Dear Rob & others,
regarding derived datatypes & PVFS2 I observed the following with
MPICH2 1.3.2
and either PVFS 2.8.1 or orangefs-2.8.3-20101113.
I use a derived memory datatype to write (append) the diagonal of a
matrix to a file in MPI.
The data itself is written in a contiguous manor (without applying
any
file view).
Therefore, I would expect that within MPI the data is written in a
contiguous way to the file,
however what I observe is that many small writes by using the
small-io.sm are used.
The volume of the data (e.g. the matrix diagonal) is 64072 byte and
starts in the file at offset 41, each I/O generates 125 small-io
with
a size of 512 Bytes and one with 72 byte.

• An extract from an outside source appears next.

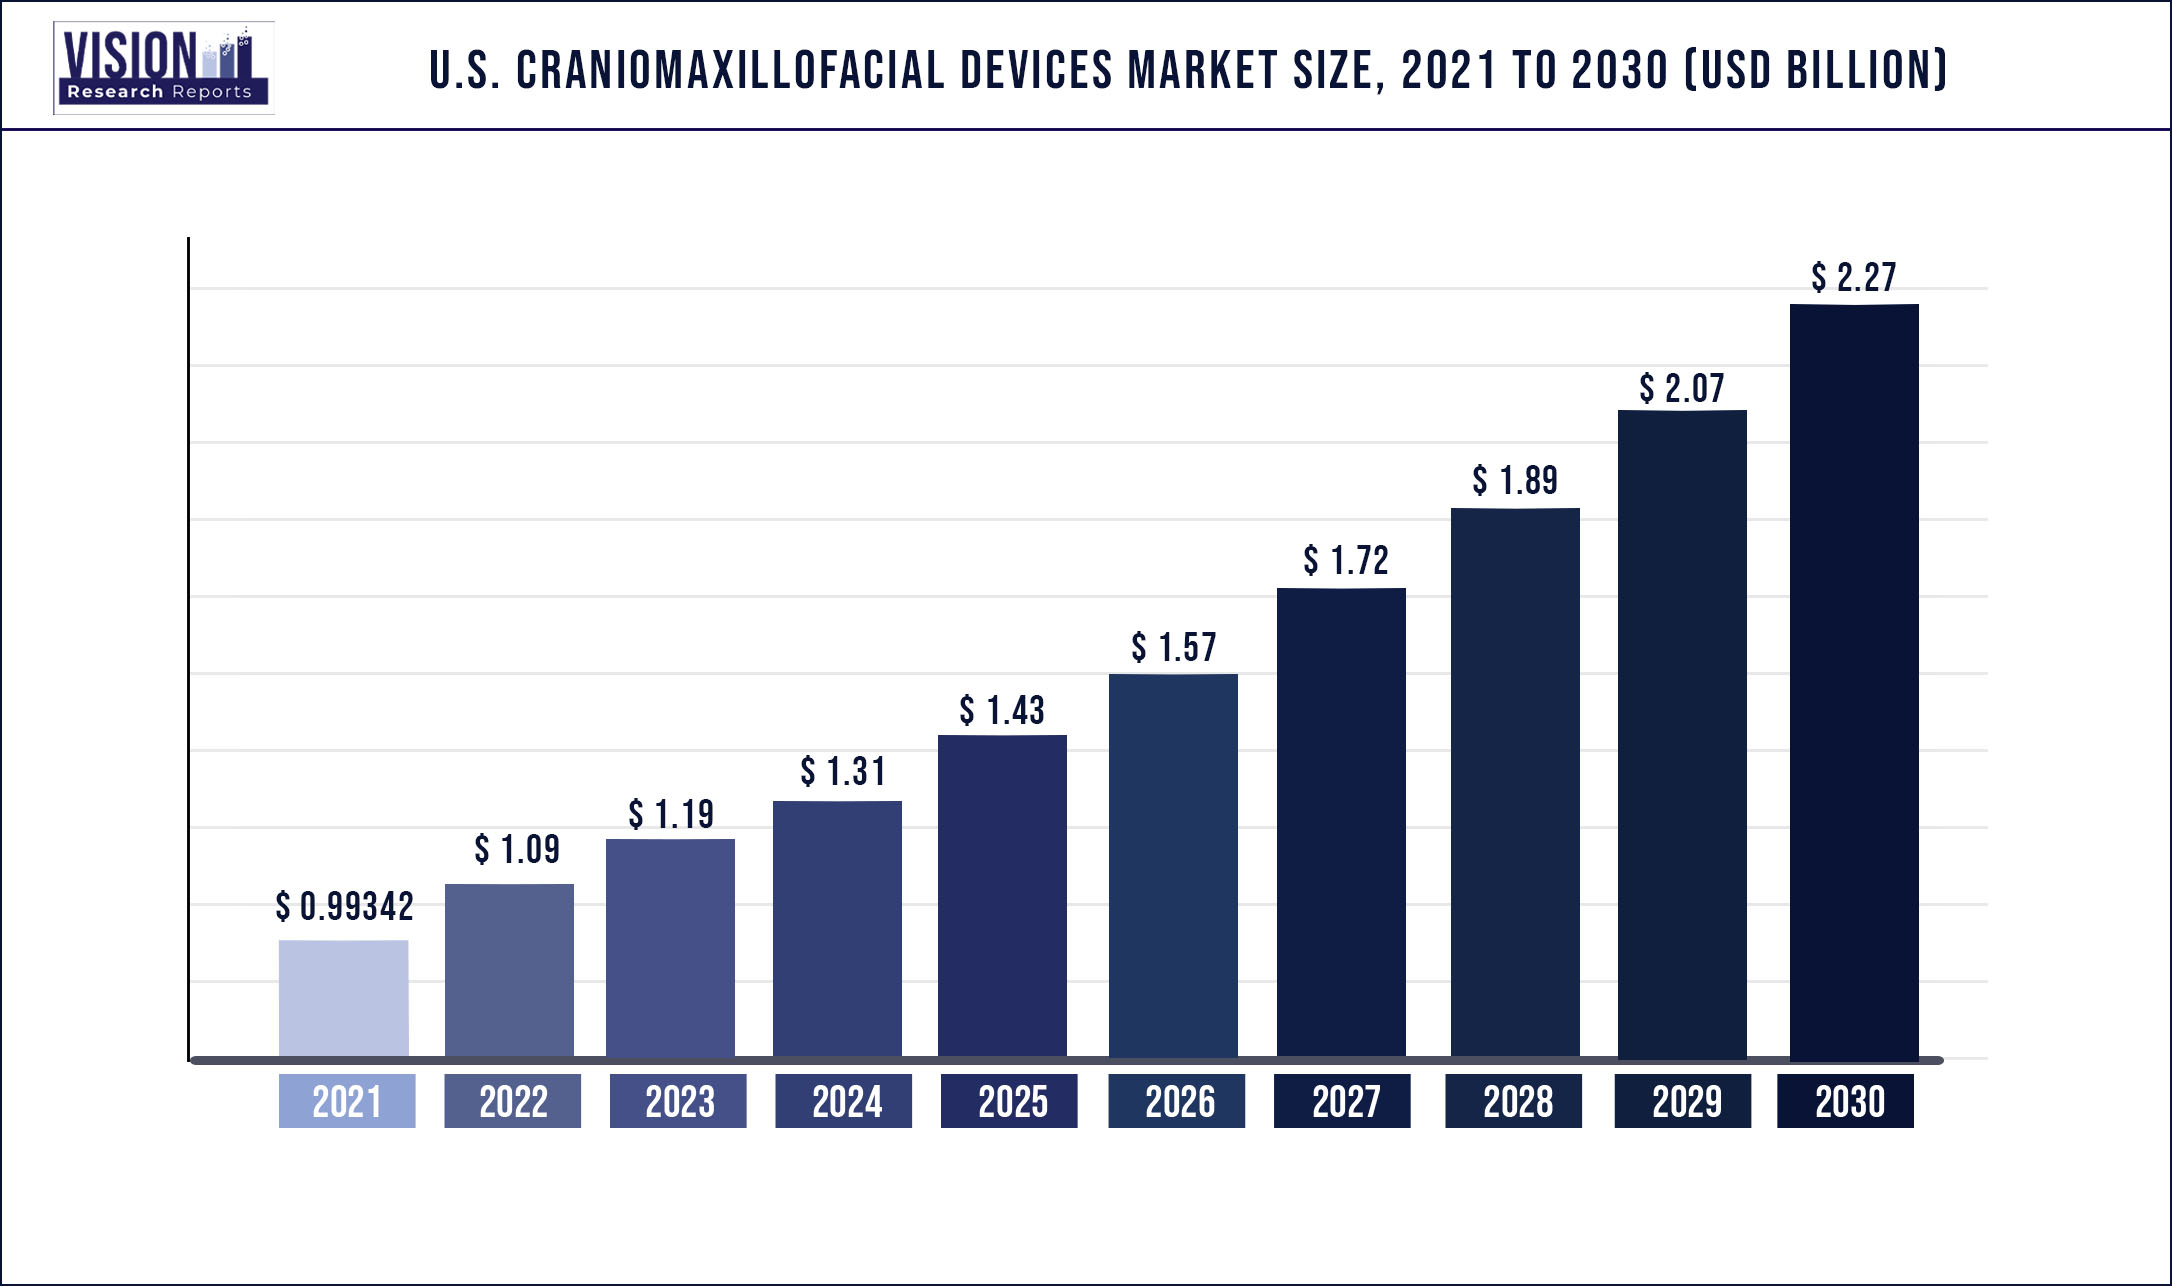 U.S. Craniomaxillofacial Devices Market Size 2021 to 2030

In Trove (alt-aio) I can observe the sequence of writes including
offset and sizes as follows:
<e t="3" time="11.629352" size="4" offset="41"/><un t="3"
time="11.629354"/><rel t="4" time="11.630205" p="0:9"/><s
name="alt-io-write" t="4" time="11.630209"/><e t="4"
time="11.630223"
size="512" offset="45"/><un t="4" time="11.630225"/><rel t="5"

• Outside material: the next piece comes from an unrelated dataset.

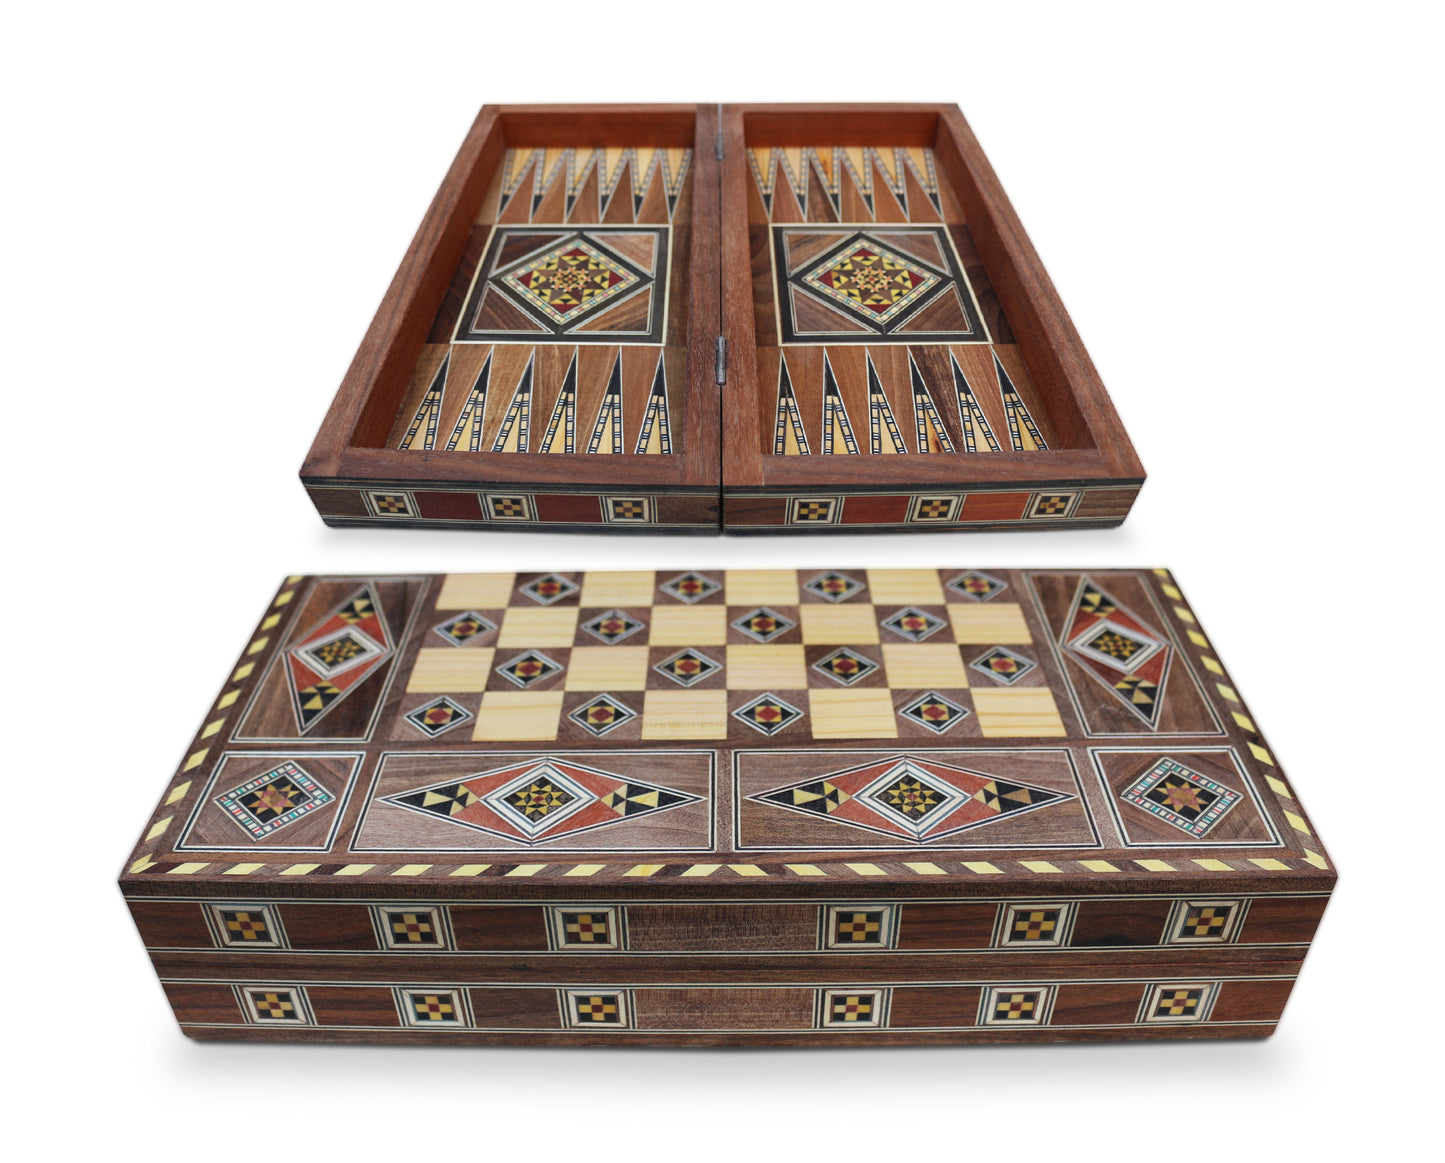 Holz Backgammon/Schach Brett inkl. Holz Steine BC310

time="11.631027" p="0:10"/><s name="alt-io-write" t="5"
time="11.631030"/><e t="5" time="11.631045" size="512"
offset="557"/><un t="5" time="11.631047"/><rel t="6"
time="11.631765"
p="0:11"/><s name="alt-io-write" t="6" time="11.631769"/><e t="6"
time="11.631784" size="512" offset="1069"/><un t="6"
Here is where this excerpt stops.